- [EXERCISE DETAILS] Please repeat only the lines below starting at the line that holds "红色盛世华诞举国同庆建国72周年海报图片" and ending at the line that holds "Mixer les gammes", exactly, with both of those lines included and every picture omitted.

*** Opening of EXTRACTED DATA ***

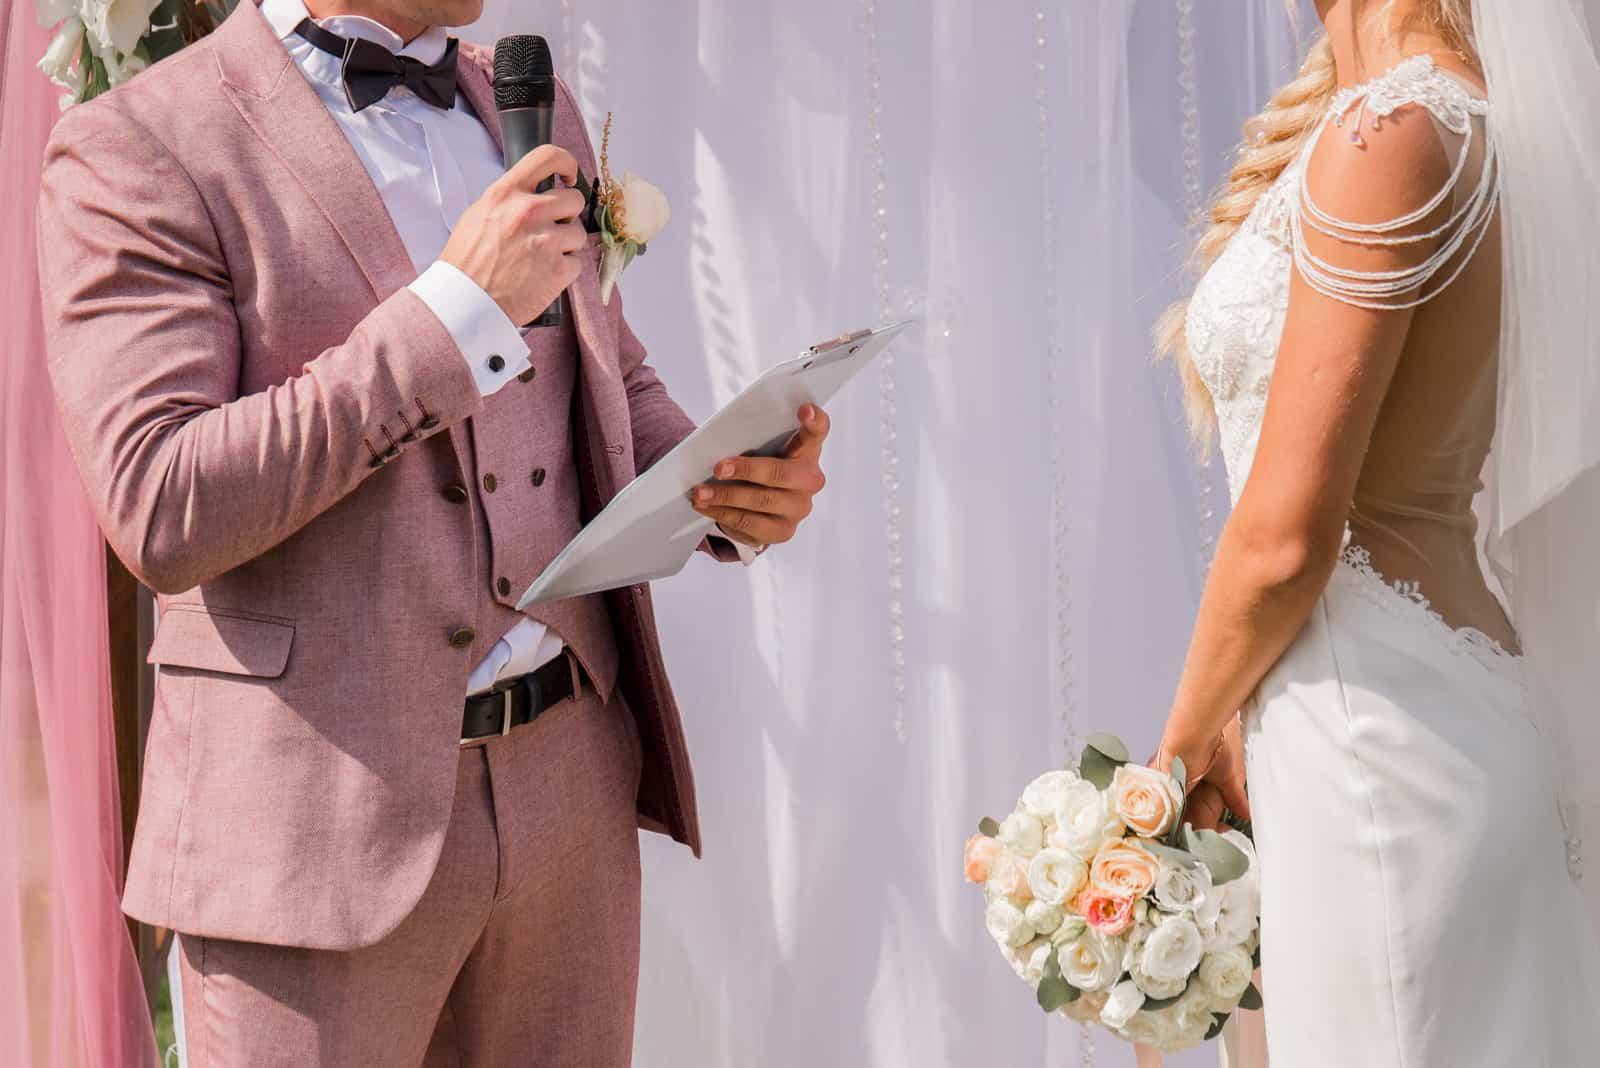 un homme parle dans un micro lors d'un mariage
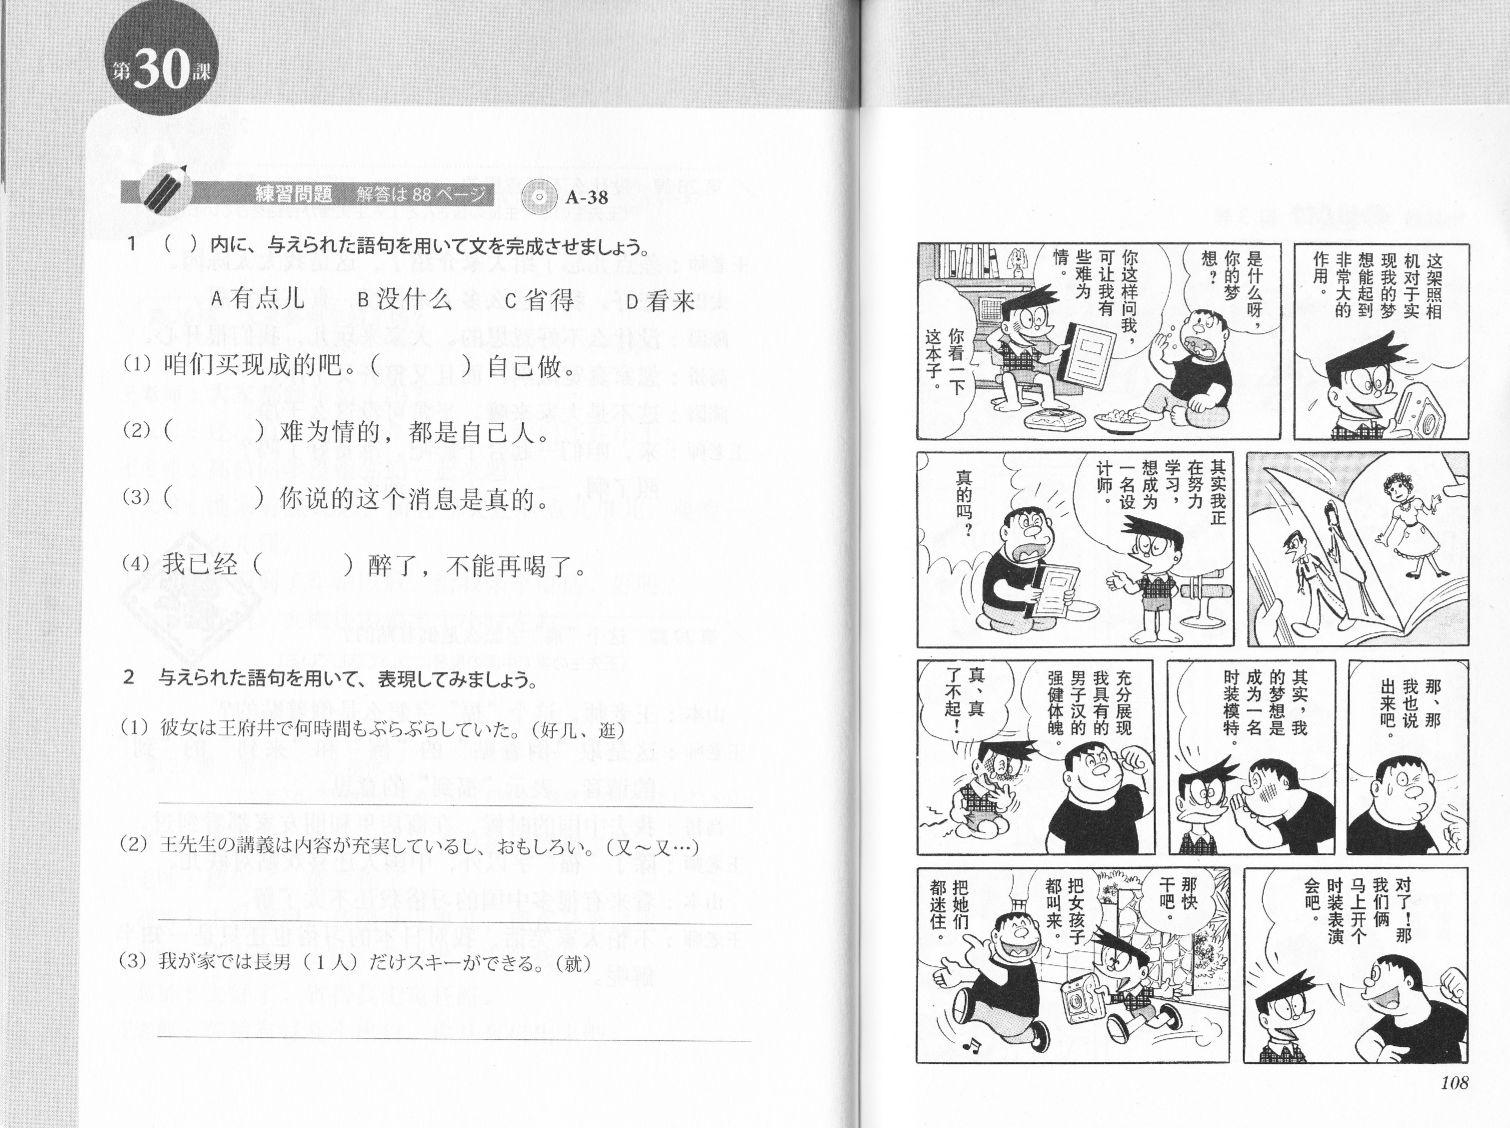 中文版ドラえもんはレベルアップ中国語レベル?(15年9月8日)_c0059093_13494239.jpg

*** Close of EXTRACTED DATA ***
*** Opening of EXTRACTED DATA ***

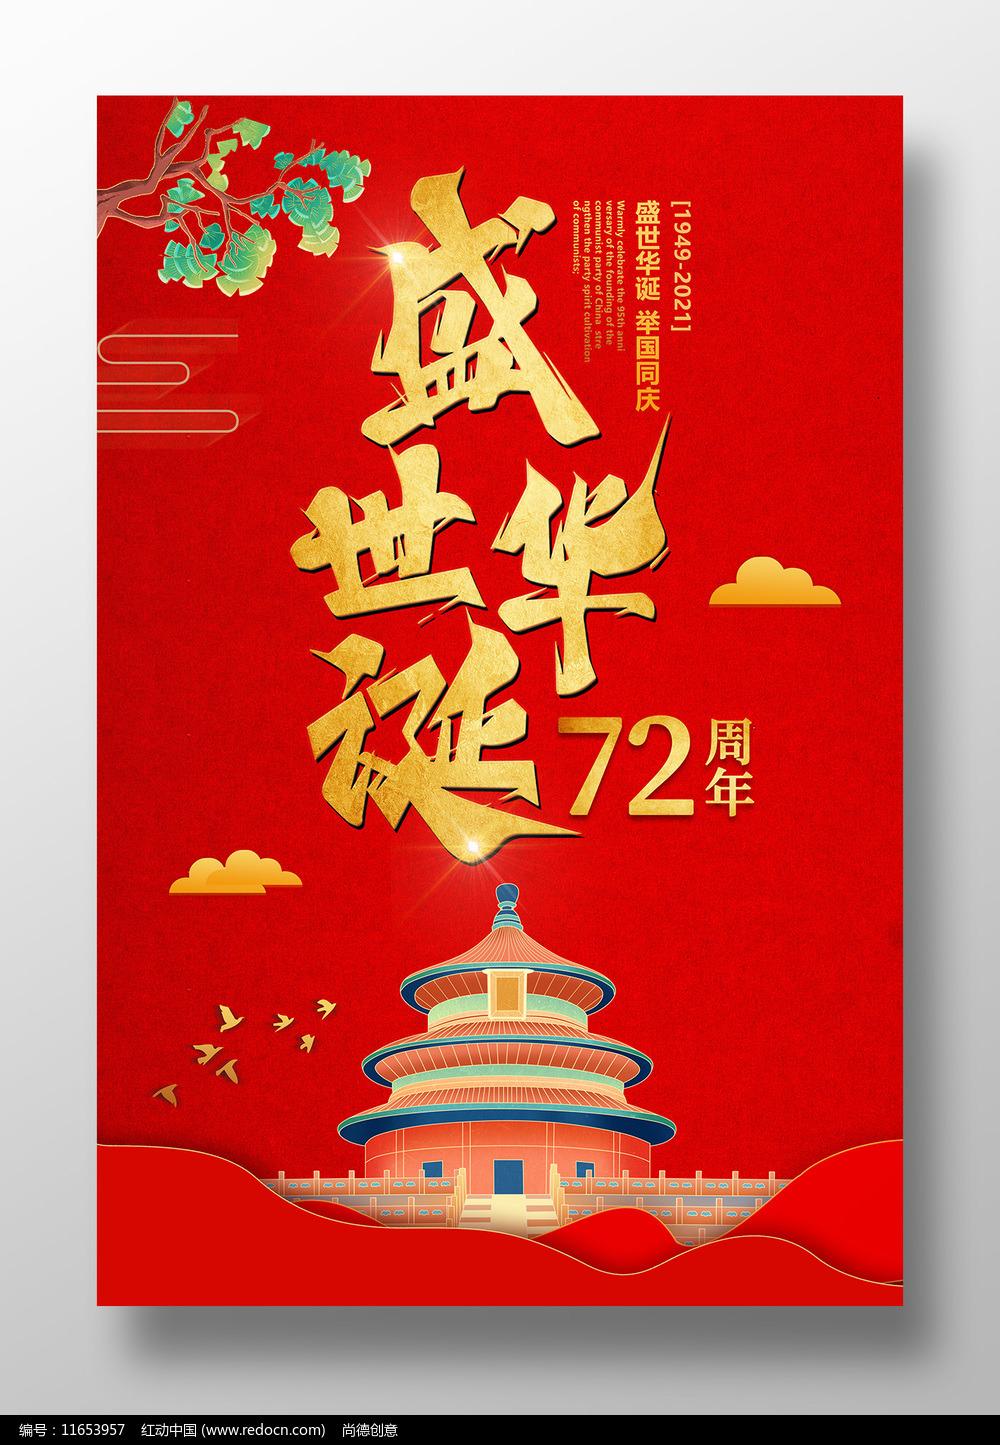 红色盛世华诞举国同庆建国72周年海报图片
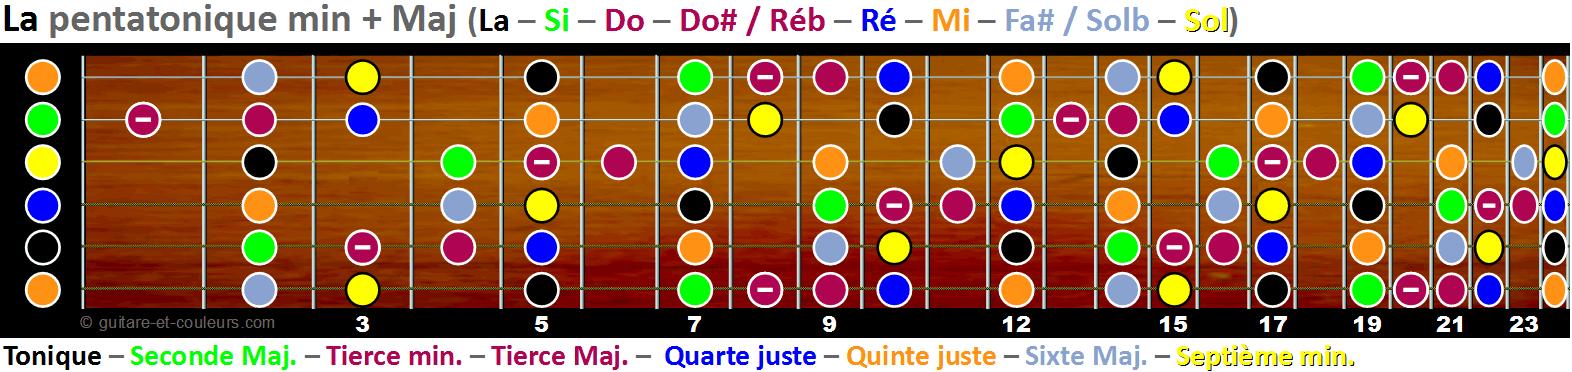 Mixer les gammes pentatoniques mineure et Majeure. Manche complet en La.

*** Close of EXTRACTED DATA ***

- [SOLUTION TO THE EXERCISE]
 红色盛世华诞举国同庆建国72周年海报图片
 Mixer les gammes pentatoniques mineure et Majeure. Manche complet en La.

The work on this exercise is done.